En voilà une question qui ne devrait pas en être une ; en voilà une interrogation qui incite à la mauvaise foi de la part d’une fanatique de Robin. Mais rassurez-vous, je vais laisser de côté mon admiration, que dis-je, mon amour pour les différents Robin, et tenter de vous servir des arguments rationnels pour, face à mon redoutable adversaire Siegfried, défendre ce délicieux petit ange qui, du haut d’un trapèze ou de son insolence, daigne se présenter aux côtés du sombre héros que nous aimons.

La création de Robin dans Detective Comics #38
Detective comics #38 : la création de Robin, le “personnage sensationnel” de l’année, qui s’avérera un succès jamais démenti.

Pour se demander si Robin est nécessaire, attelons-nous d’abord à sa création. Le premier Robin, Dick Grayson, a été créé un an seulement après Batman. Il est donc, au niveau de la temporalité, le premier allié du Chevalier noir (Alfred n’a été créé qu’en 1943). En comparaison, Batgirl, l’autre principale alliée du Batman, a été créée… en 1961, soit presque 20 ans plus tard !
L’objectif était multiple pour l’éditeur : contrebalancer le côté sombre et adulte de Batman ; rendre le super-héros plus attractif auprès des enfants ; enfin, permettre d’offrir au Batman un interlocuteur un peu plus interactif que ses monologues intérieurs… Les 2 premiers arguments sont déjà prometteurs, mais ils se sont renforcés au fil des ans. Robin est d’un tempérament joyeux, blagueur et positif, quelle que soit son identité. Cela pourrait aller à l’encontre du profil dressé pour Batman, mais au contraire, cela maintient l’univers du Chevalier noir dans un équilibre parfait. Robin parvient régulièrement à faire sourire notre héros, ou à lui redonner espoir ; lorsqu’il échoue, cela offre toujours au lecteur l’occasion de sourire en coin, de considérer avec affection ce vain espoir de dérider le dépressif.
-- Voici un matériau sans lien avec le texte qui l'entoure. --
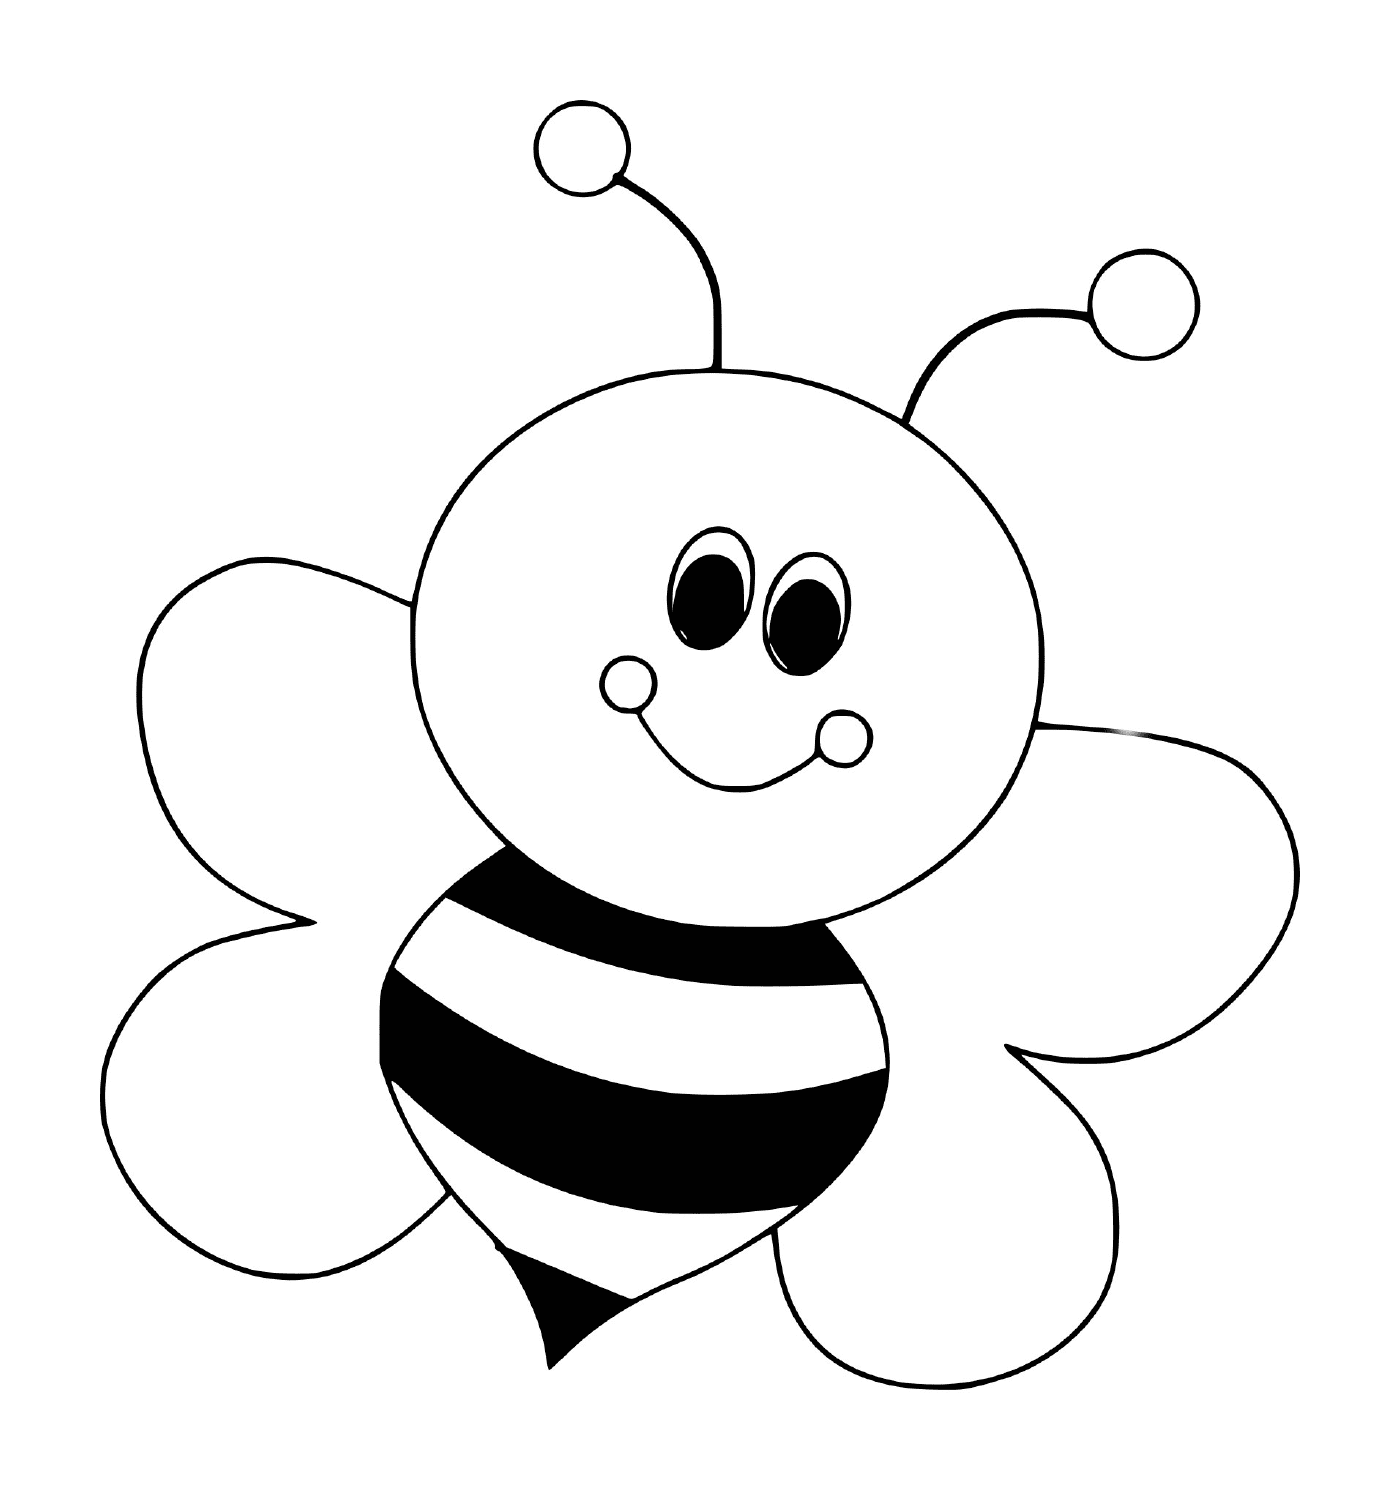  可爱的微笑蜜蜂

Sa création a également servi de levier à la création d’une famille autour de Batman, qui n’est certainement pas une mauvaise idée pour un héros pour qui la première souffrance est d’avoir perdu la sienne. Une famille aux multiples facettes, qui permet aux lecteurs de s’identifier facilement à un robin extravagant, à une batgirl humaine et intelligente, à un Alfred paternel et malicieux, à un fils polisson et tête-à-claques. Bien qu’il ne cesse de le répéter, on peut vite se rendre compte que Batman ne peut pas être seul. La solitude est l’essence même de son désespoir. Elle est l’origine de son identité, mais elle est synonyme de chute mentale, de dépression. S’il reste seul, il est voué à l’échec, car il est voué à se laisser aller à la rage, au désespoir et aux actions les plus extrêmes. Quelques comics suffisent à le démontrer. Les excellents Des cris dans la nuit ou Batman : Noël font intervenir un détective extrêmement seul, en proie à la cruauté humaine et à ses propres tourments. Sans quiconque pour lui rappeler la bienveillance et les bons côtés de l’humanité, il sombre dans la folie. Lorsque Jason Todd meurt, c’est Tim Drake qui, dans Batman #436 (Les morts et les vivants) démontre à Alfred puis Batman lui-même, que ce dernier ne peut vivre sans Robin : sans son complice, il ignore le danger et s’expose aux plus mortelles situations, oubliant de préserver sa santé (alors qu’Alfred veille pourtant au grain… sans que cela ne suffise).

Les Robins et la famille
Les différents Robin et la famille : indispensables pour Batman !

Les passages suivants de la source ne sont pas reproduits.